- HOW TO COMPLETE THIS TASK
Leave out every line before the one containing "Tage der Akzeptanz - internationaler", and repeat the rest of the material below exactly, that line included.
□ □ □ □ □ □ □
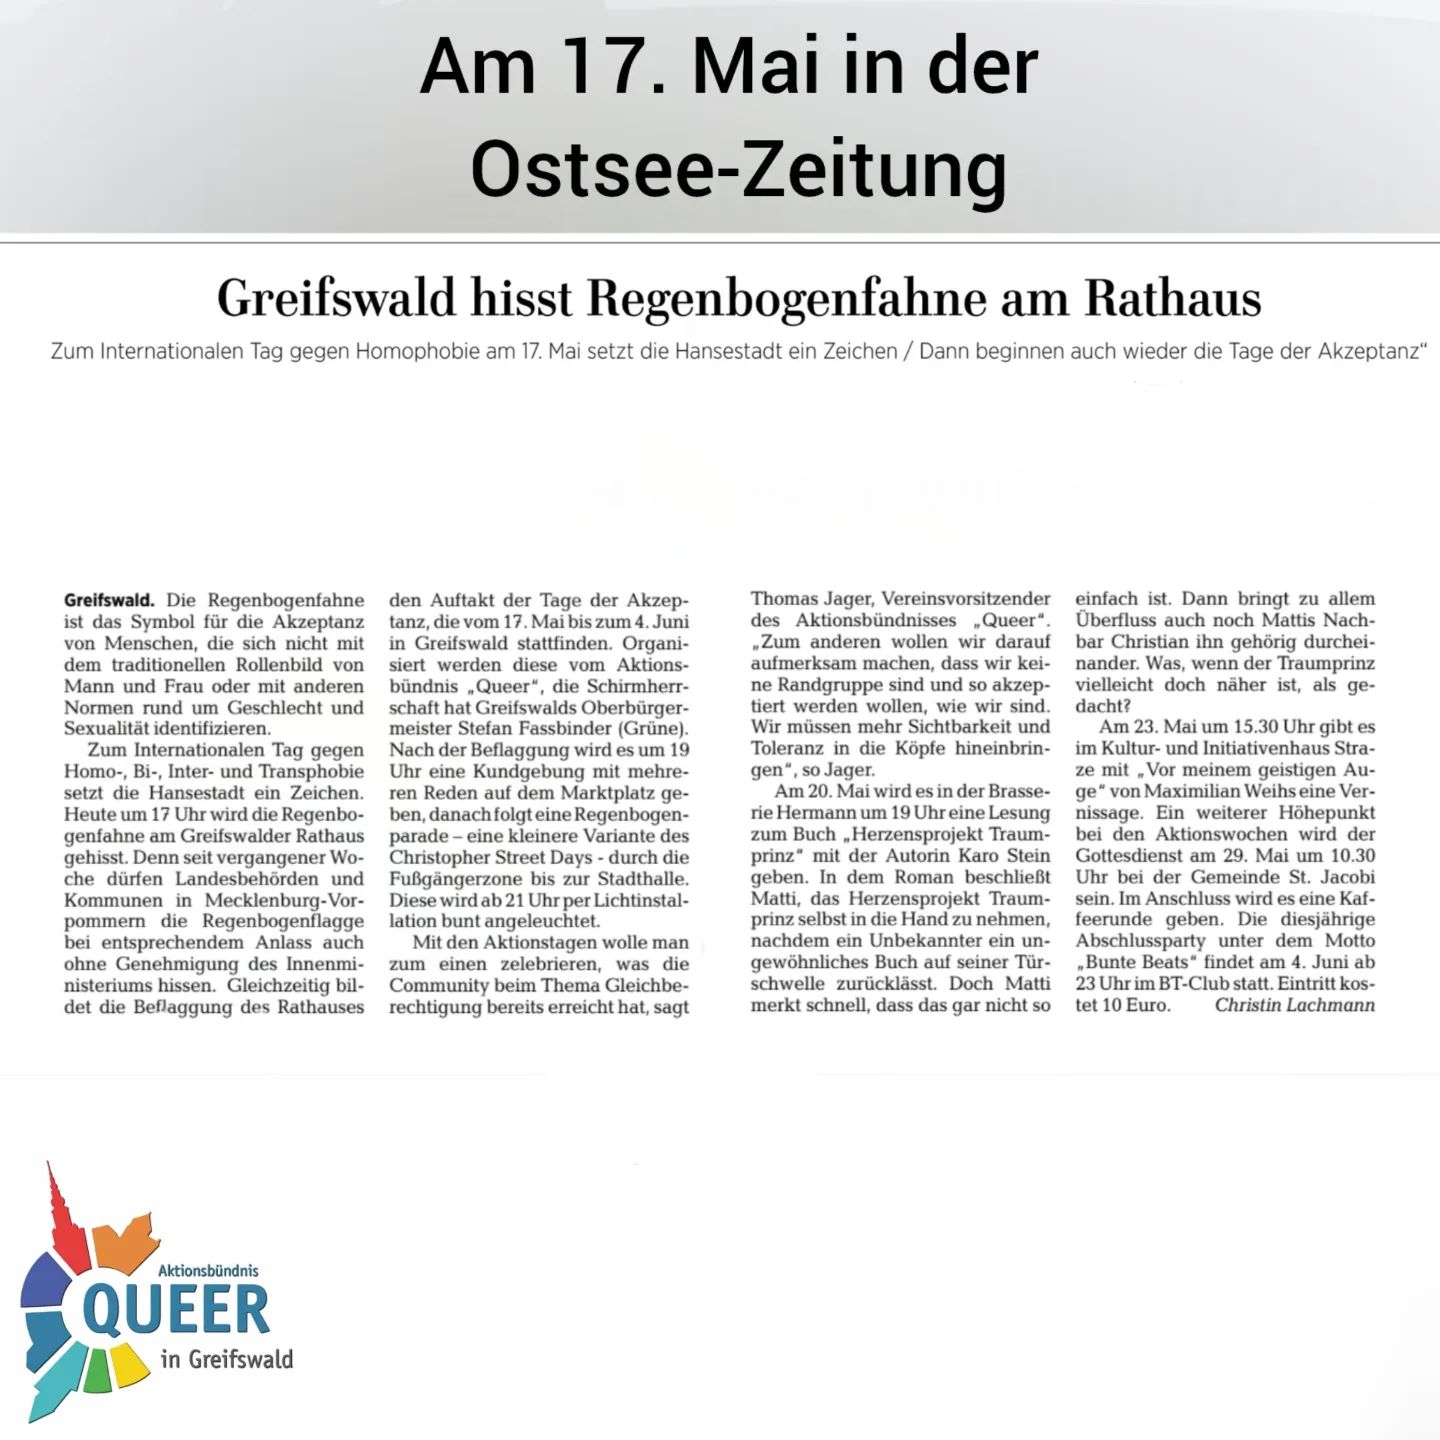 ❤️🧡💛💚💙💜
Tage der Akzeptanz - internationaler Tag gegen Queerfeindlichkeit

Heute wurde ein Artikel in der @ostsee_zeitung veröffentlicht, in dem nochmal auf die Tage der Akzeptanz hingewiesen wurde. Auch unser Vorstandsvorsitzender Thomas konnte ein paar Worte äußern und ein klares Zeichen für mehr Akzeptanz in der Gesellschaft setzen.

#queer #queermv #queer_hgw #queerinmv
#pride #csd #csddeutschland #csdnord #lsvd 
#gay #lesbisch #schwul #bi #trans #inter #andersabernormal 
#tda #Tagederakzeptanz #tda2022 #idahobit #idaq
□ □ □ □ □ □ □
- EXPECTED ANSWER
Tage der Akzeptanz - internationaler Tag gegen Queerfeindlichkeit

Heute wurde ein Artikel in der @ostsee_zeitung veröffentlicht, in dem nochmal auf die Tage der Akzeptanz hingewiesen wurde. Auch unser Vorstandsvorsitzender Thomas konnte ein paar Worte äußern und ein klares Zeichen für mehr Akzeptanz in der Gesellschaft setzen.

#queer #queermv #queer_hgw #queerinmv
#pride #csd #csddeutschland #csdnord #lsvd 
#gay #lesbisch #schwul #bi #trans #inter #andersabernormal 
#tda #Tagederakzeptanz #tda2022 #idahobit #idaq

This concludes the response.